Wesley Coller, co-producer for Watchmen, knew he and director Zack Snyder faced an uphill battle when adapting the beloved 1986 classic graphic novel, where super-heroes are outlawed amid a vast conspiracy on the eve of nuclear war (an oversimplification of the plot if there ever was one) for the big screen earlier this year.
With Watchmen, writer Alan Moore (who asked his name be taken off the credits as he has with his other works that have been adapted for movies) and artist Dave Gibbons gave the comics medium respectability, alongside Frank Miller’s Batman: The Dark Knight Returns and Art Spiegelman’s Maus (which won the Pulitzer Prize for its allegorical portrayal of the Holocaust, using mice for Jews). Moore’s deconstructionist take on super-heroes elicited the attention of the mainstream media, including The New York Times. In 2005, Time named Watchmen to its “All-TIME 100 Greatest Novels” list.

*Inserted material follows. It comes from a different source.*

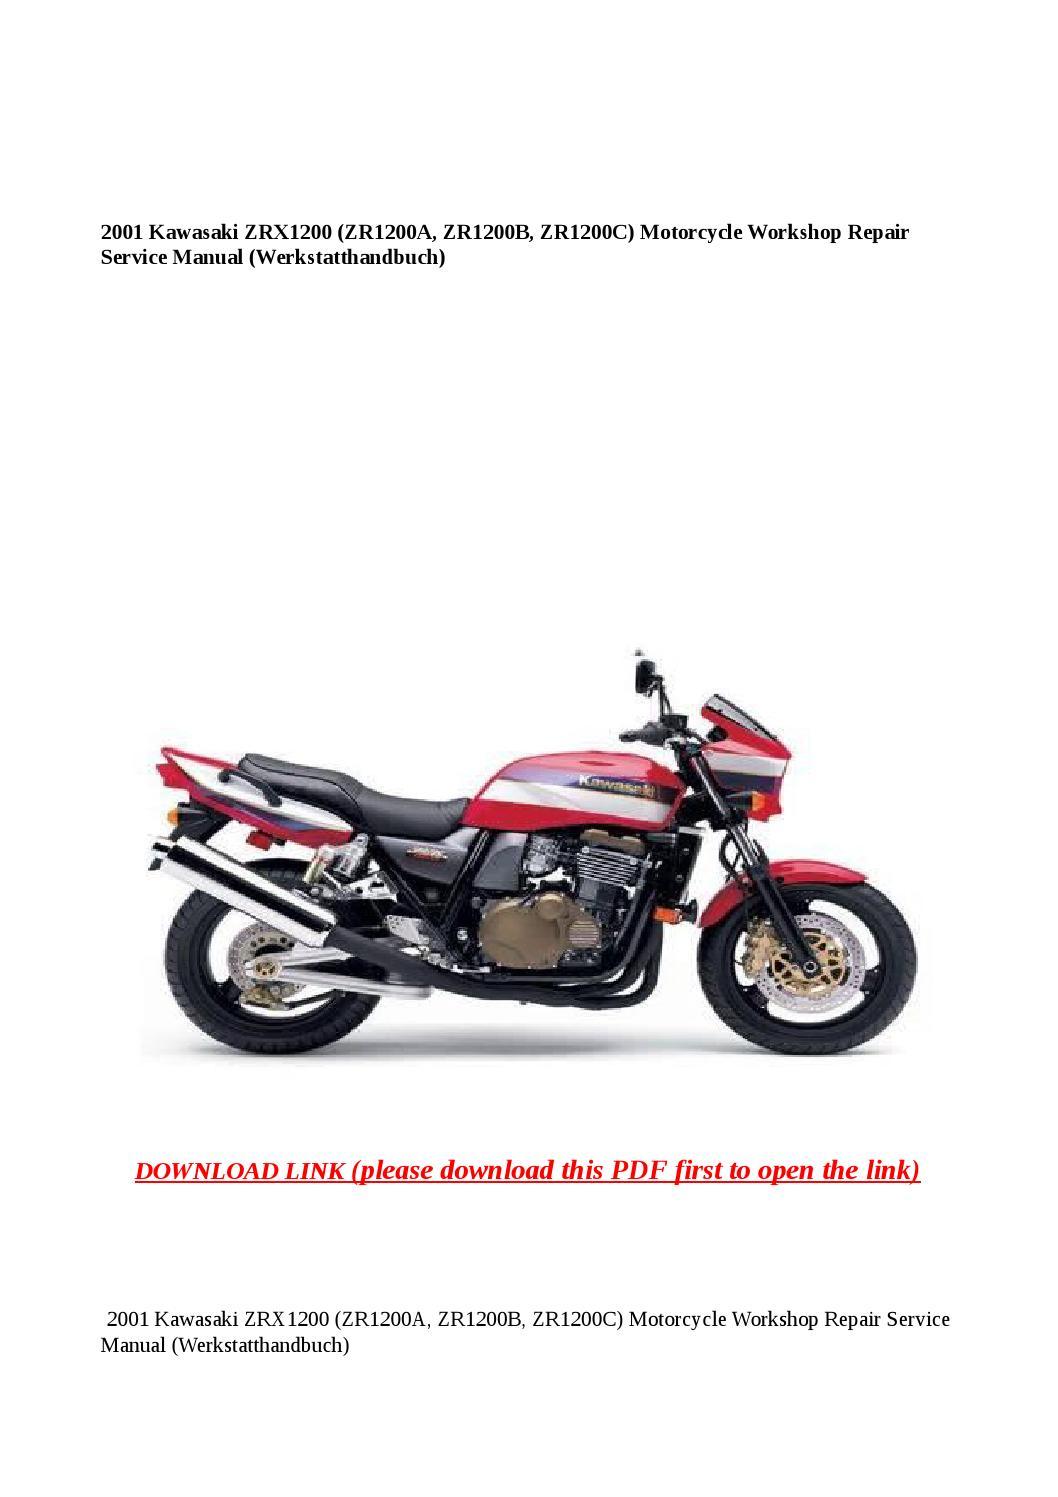 2001 kawasaki zrx1200 (zr1200a, zr1200b, zr1200c) motorcycle workshop  repair service manual (werksta by Anna Tang - issuu

Watchmen will be released on DVD on July 27.
Mania.com: Watchmen is your third film with Snyder, your colleague of 10 years. You worked with him on 2004’s Dawn of the Dead and 2007’s 300.
Coller: Zack’s a well-respected commercial director. We engaged on a few projects until Dawn of the Dead came around. He and I were shooting a commercial, we read (the script) over the weekend, and thought it was incredibly well-done. It embraced the zombie genre as a whole and was self-aware of the genre; there was nothing self-conscious about it. With 300, we turned the sword-and-sandals genre on its ear. With Watchmen, we turned the superhero genre upside-down.
Mania.com: What’s your history with Watchmen?
Coller: I read Watchmen as a teenager and thought it was awesome. For the film, I’ve read it forwards and backwards 100 times. It’s a great work. Also, what’s interesting was reading it so many times, there’s always something new that catches your eye. I’m aware of the comics culture. I’m fortunate that the comics in my wheelhouse are the ones that Zack loves.
Mania.com: Fans have been reluctant to see Watchmen get adapted, given the complexity of its story. Moore asked that his name not be associated with the movie as he does with most of his works adapted for film. For over two decades, many attempts to make a Watchmen movie stalled until it was offered to Snyder. Can you comment on this walk in the minefield?
Coller: I think ultimately when the studio came to him and asked him about making Watchmen, his first reaction was “I don’t know.” He was at that stage in his career where he wanted to do something cool visually. When Watchmen came along, that was awesome. Ultimately, Zack felt a great deal of responsibility if he took a stab at it, doing everything he could to bring this beautiful piece of literature to life. Finally, he decided, “Let’s do it.” (Zack) was very respectful of the graphic novel. The rest of the challenge was making the script more contemporary, more on the war on terror, yet bringing it back to 1985 to follow the arc of the graphic novel… Some of (the graphic novel’s) ideas are pretty mature. To cut legs off it thematically just didn’t feel right. The studio was very supportive of our endeavor to make a nontraditional super-hero movie and a non-traditional narrative.
Mania.com: Nonetheless, you still took liberties with it?
Coller: There were quite a few hard choices. As much as you want to be as true as you can be, Zack did a great job finding a solution that worked. As a filmmaker, you have to take responsibility for whatever it is that you’re adapting, trying to push that script into a version that’s loyal to the essence of the graphic novel.
Mania.com: You and Zack aren’t the type to do a straight-forward, down-the-middle predictable film, yes?
Coller: There’s a place for it – like all types of movies. There’s something collectively as a group that really is drawn to pictures that turn things upside down and have an interesting perspective. As a filmmaker, what you bring to the table is your perspective. Without that, what’s the point?
Mania.com: All said and done, you’re proud of the finished product?
Coller: I really am. I feel like that in the filmmaking world without a doubt there’s a very business end of things; I’m aware of that and respectful of that – we want to make movies people want to see. It’s important to respect the property. It’s part of the excitement of making it.